There is great peace and freedom in coming to accept this. We are often made so anxious if we are not recognized, and others are, or if our feelings and preferences are not everyone’s priority. Accepting the truth that I am not that important allows us to relax and enjoy caring about other people and celebrating their importance too.
5. You are going to die. – Yes, it is a hard truth but it is very freeing. We get all worked up about what this world dishes out. But take a walk in a cemetery. Those folks were all worked up too. Now their struggles are over and, if they were faithful they are with God, they now experience that “trouble don’t last always.”

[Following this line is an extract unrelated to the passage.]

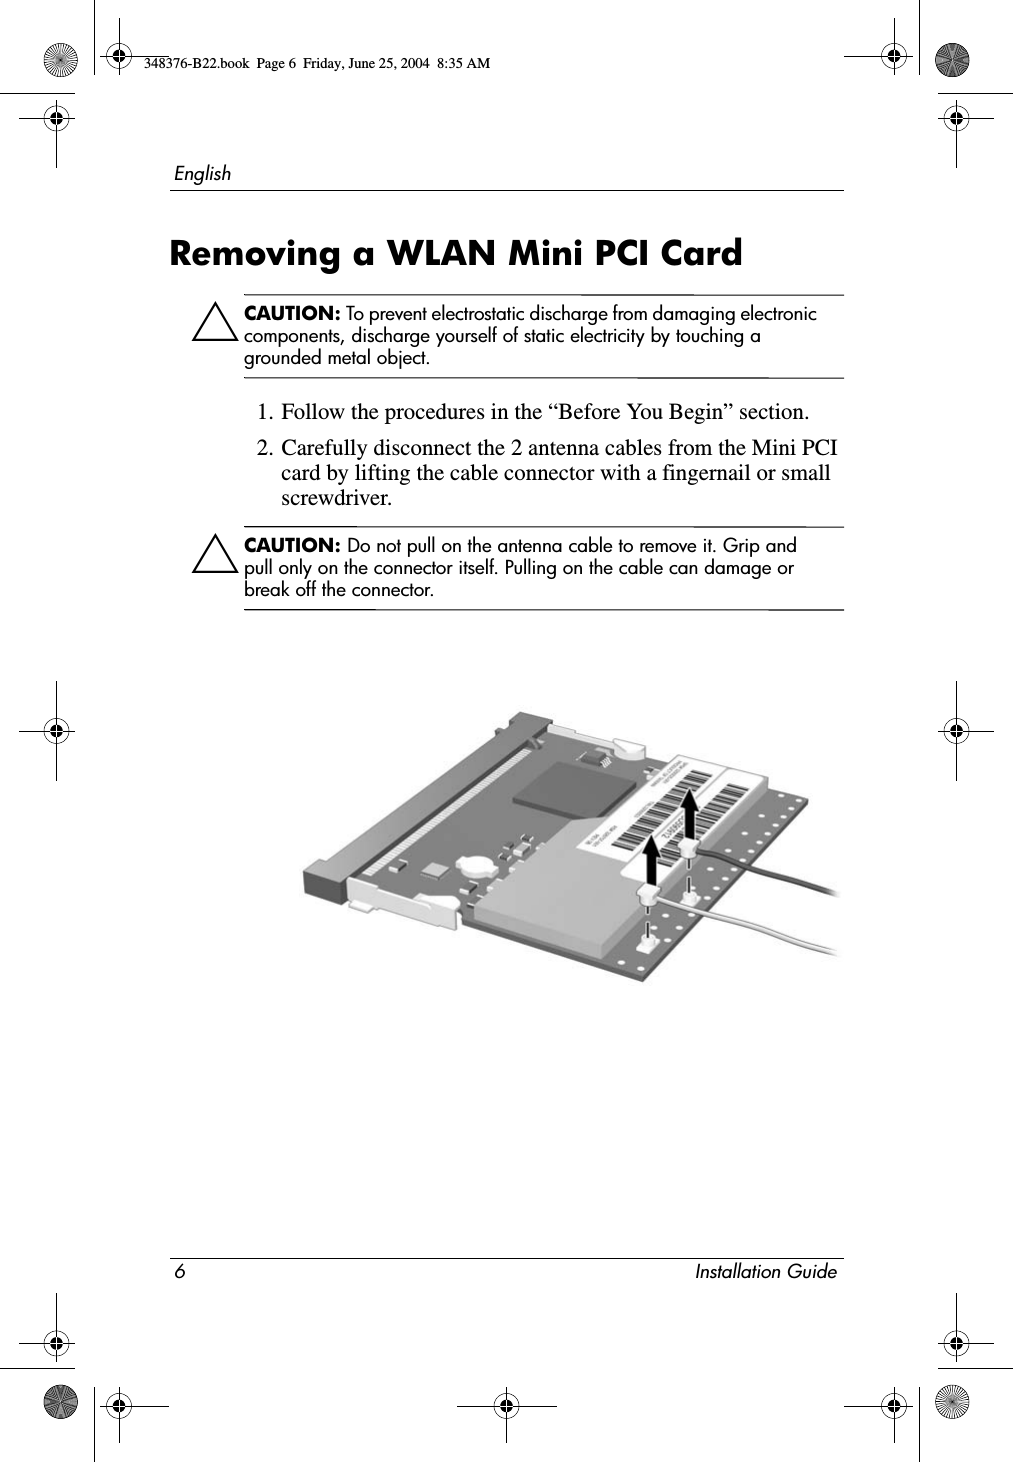 6 Installation GuideEnglishRemoving a WLAN Mini PCI CardÄCAUTION: To prevent electrostatic discharge from damaging electronic components, discharge yourself of static electricity by touching a grounded metal object.1. Follow the procedures in the “Before You Begin” section.2. Carefully disconnect the 2 antenna cables from the Mini PCI card by lifting the cable connector with a fingernail or small screwdriver.ÄCAUTION: Do not pull on the antenna cable to remove it. Grip and pull only on the connector itself. Pulling on the cable can damage or break off the connector.348376-B22.book  Page 6  Friday, June 25, 2004  8:35 AM

This truth also helps us to do the most important thing: get ready to meet God. So many people spend their lives clowning around and goofing off. Yet our most urgent priority is to prepare to meet God. In the end, this is freeing because we are loosed from the many, excessive and contrary demands of the world and we concentrate on doing the one thing necessary. Our life simplifies and we don’t take this world too seriously, it is passing away. There is peace and freedom in coming to accept this.
So there you have them. Five hard truths that will set you free. Think about them. Memorize them too and pull them out when life comes at you fast and hard with it’s agenda of control, self importance and empty promises of perfect comfort here on earth. A simple, sober, humble and focused life brings great serenity.